● Goal of the exercise:
Pictures in the material below are to be left out, and only the lines from the line with "210003-170 : Furniture" up to and including the line with "Mr. and Mrs. Darcy Sweatshirt" are to be written out exactly.

● Records provided:
::::

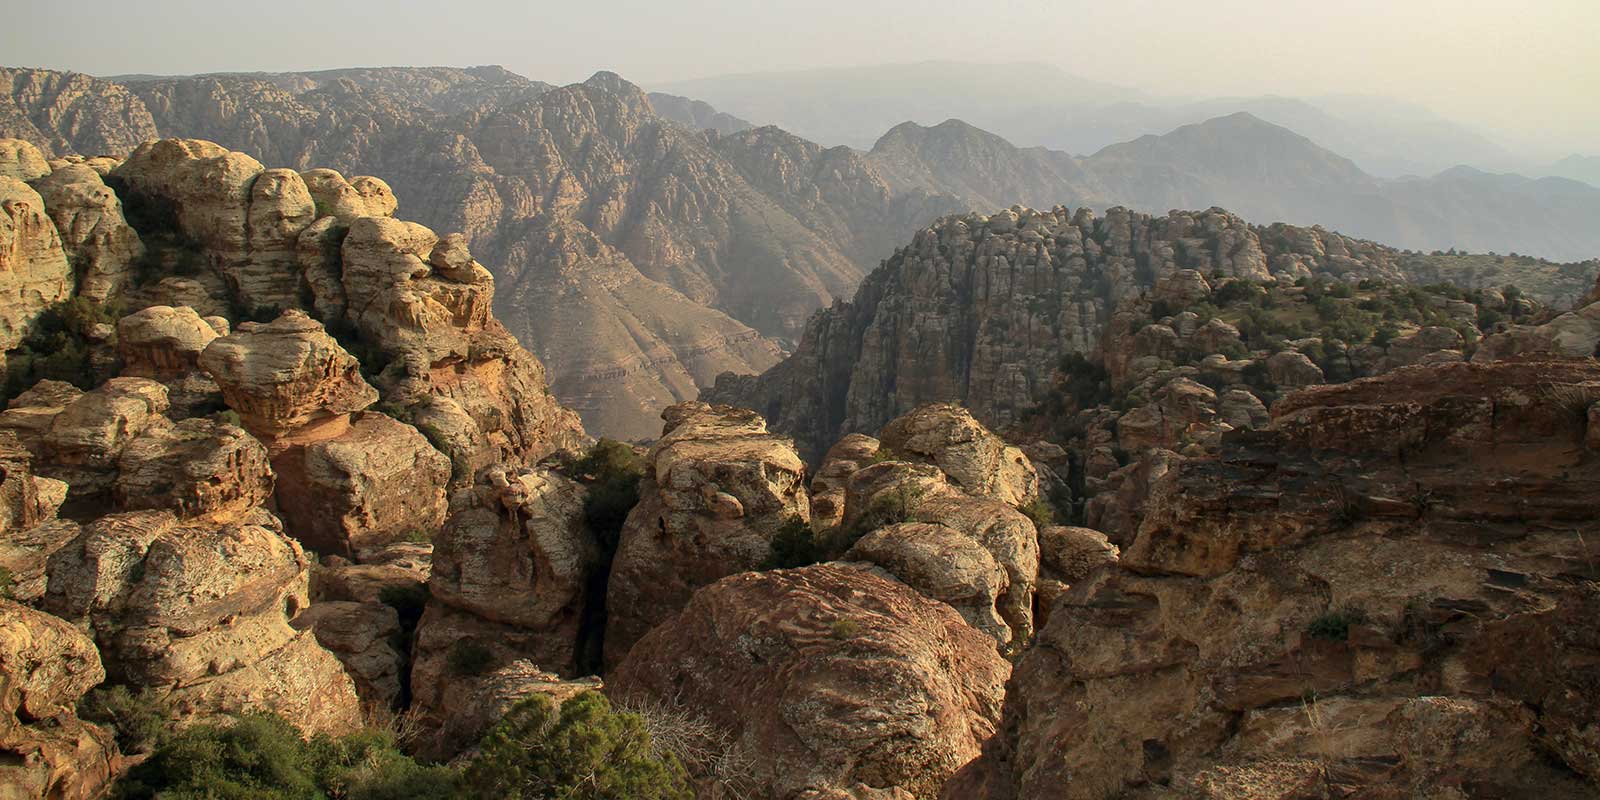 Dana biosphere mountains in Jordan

::::

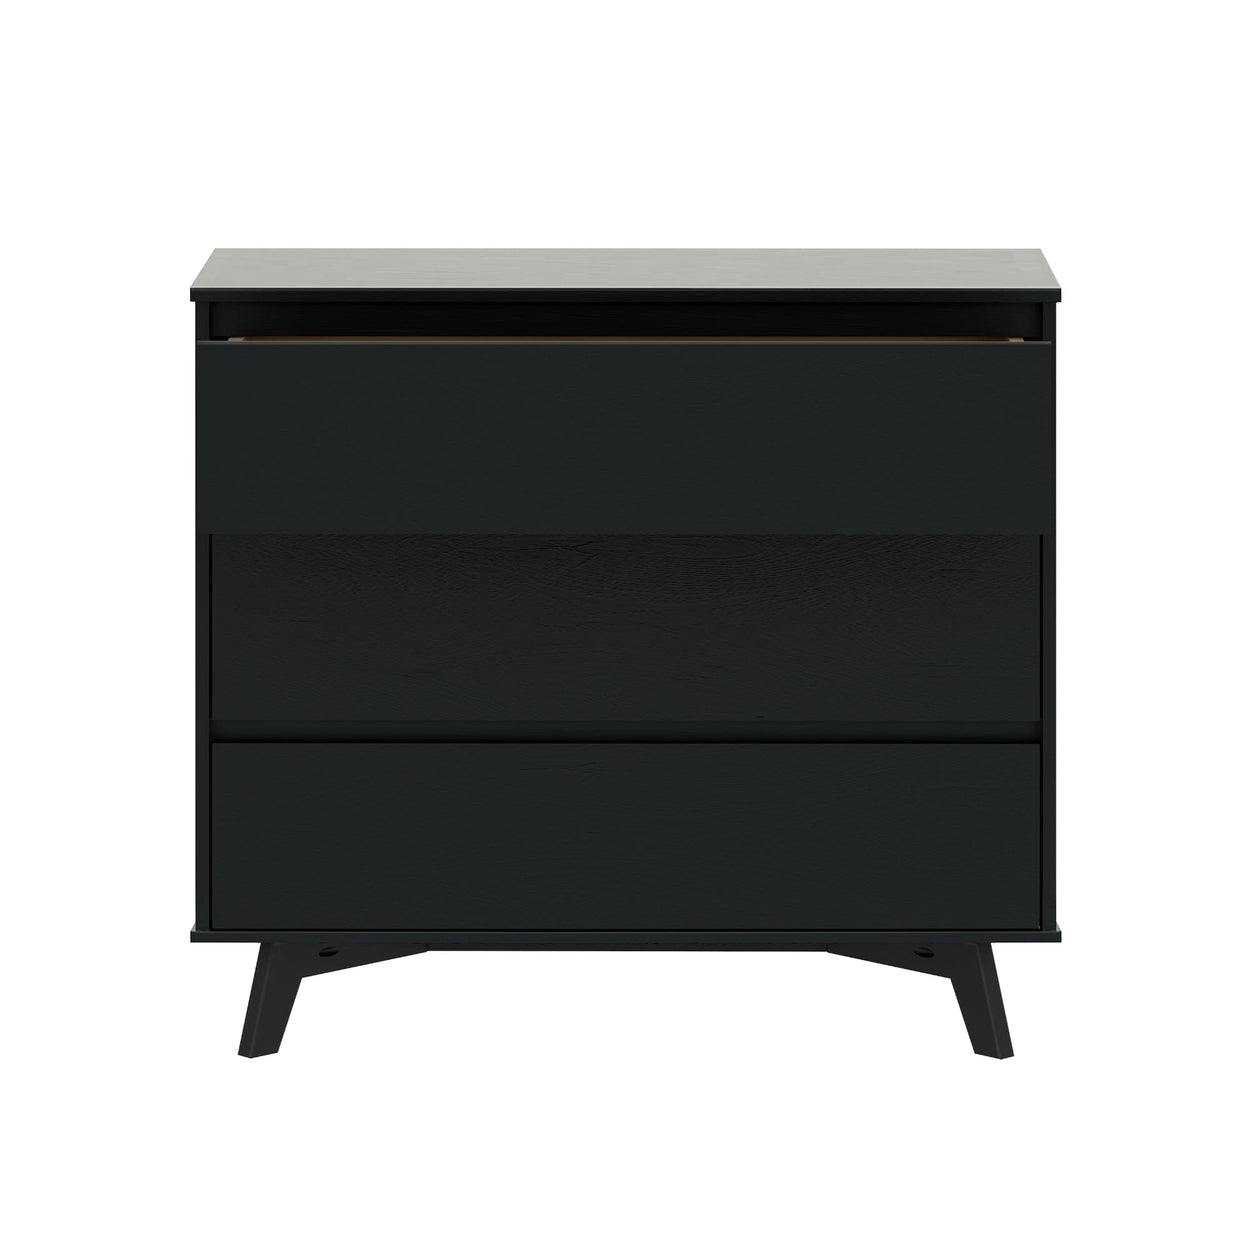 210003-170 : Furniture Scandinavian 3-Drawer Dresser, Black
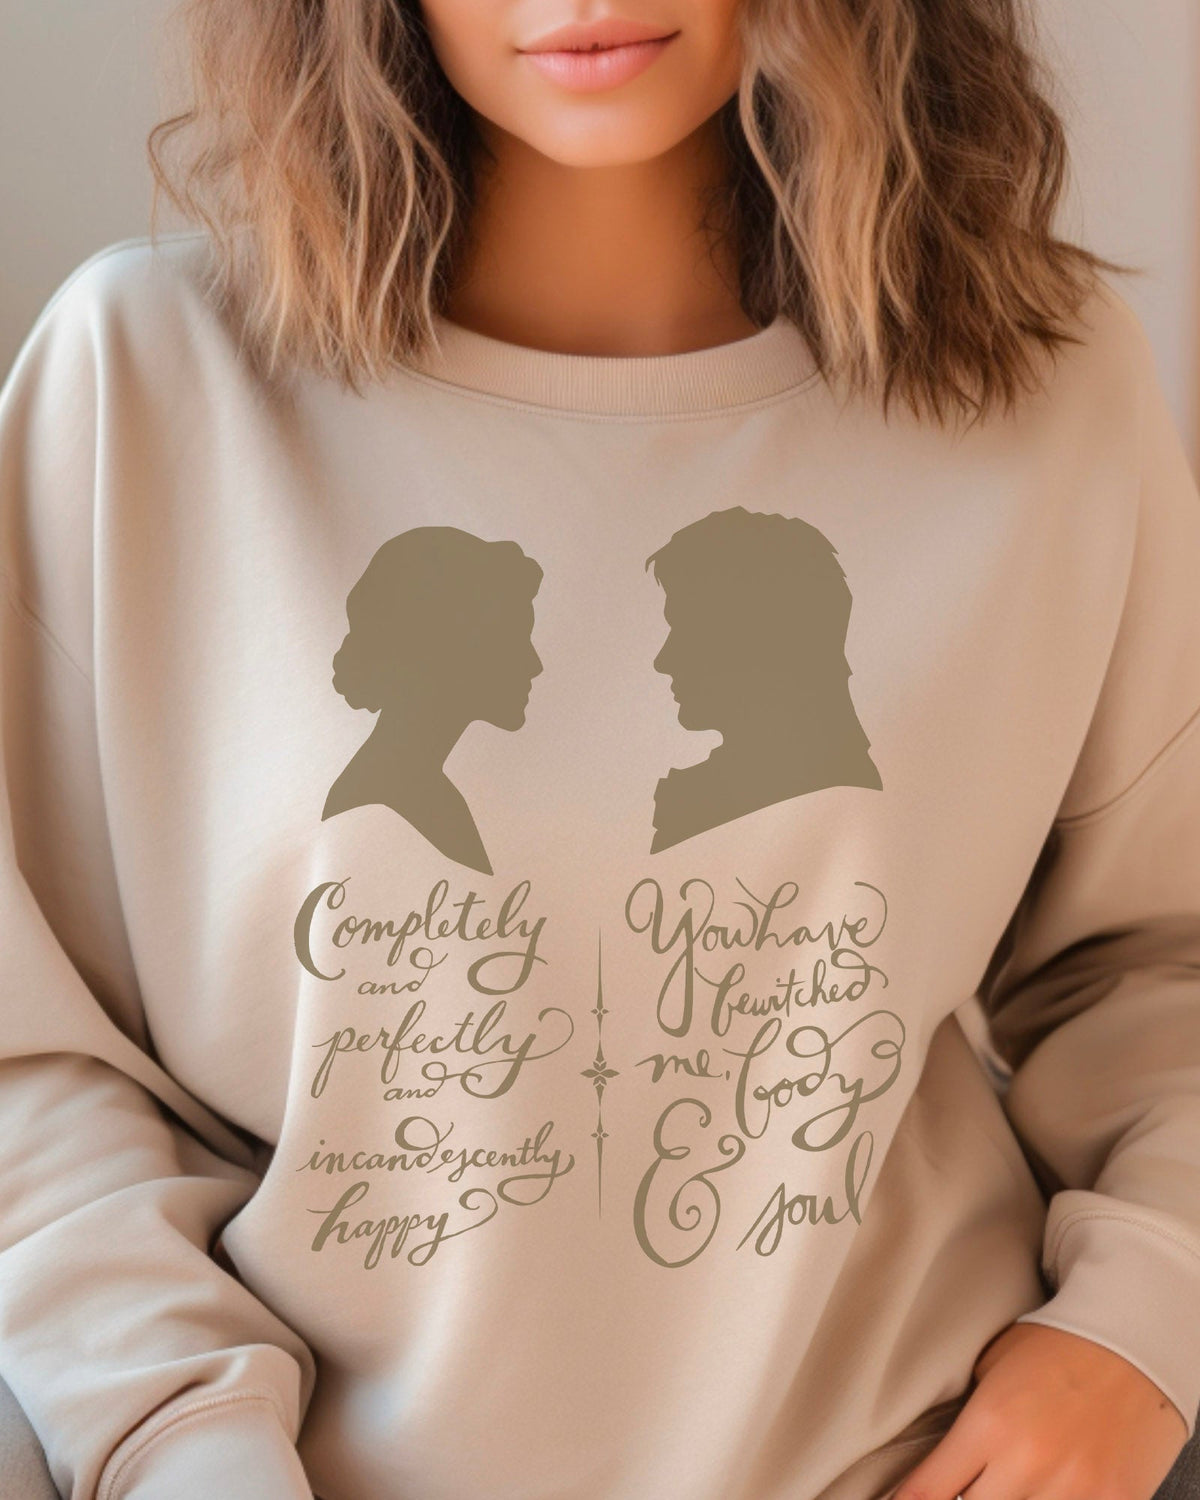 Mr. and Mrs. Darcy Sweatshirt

::::

● Problem solution:
 210003-170 : Furniture Scandinavian 3-Drawer Dresser, Black
 Mr. and Mrs. Darcy Sweatshirt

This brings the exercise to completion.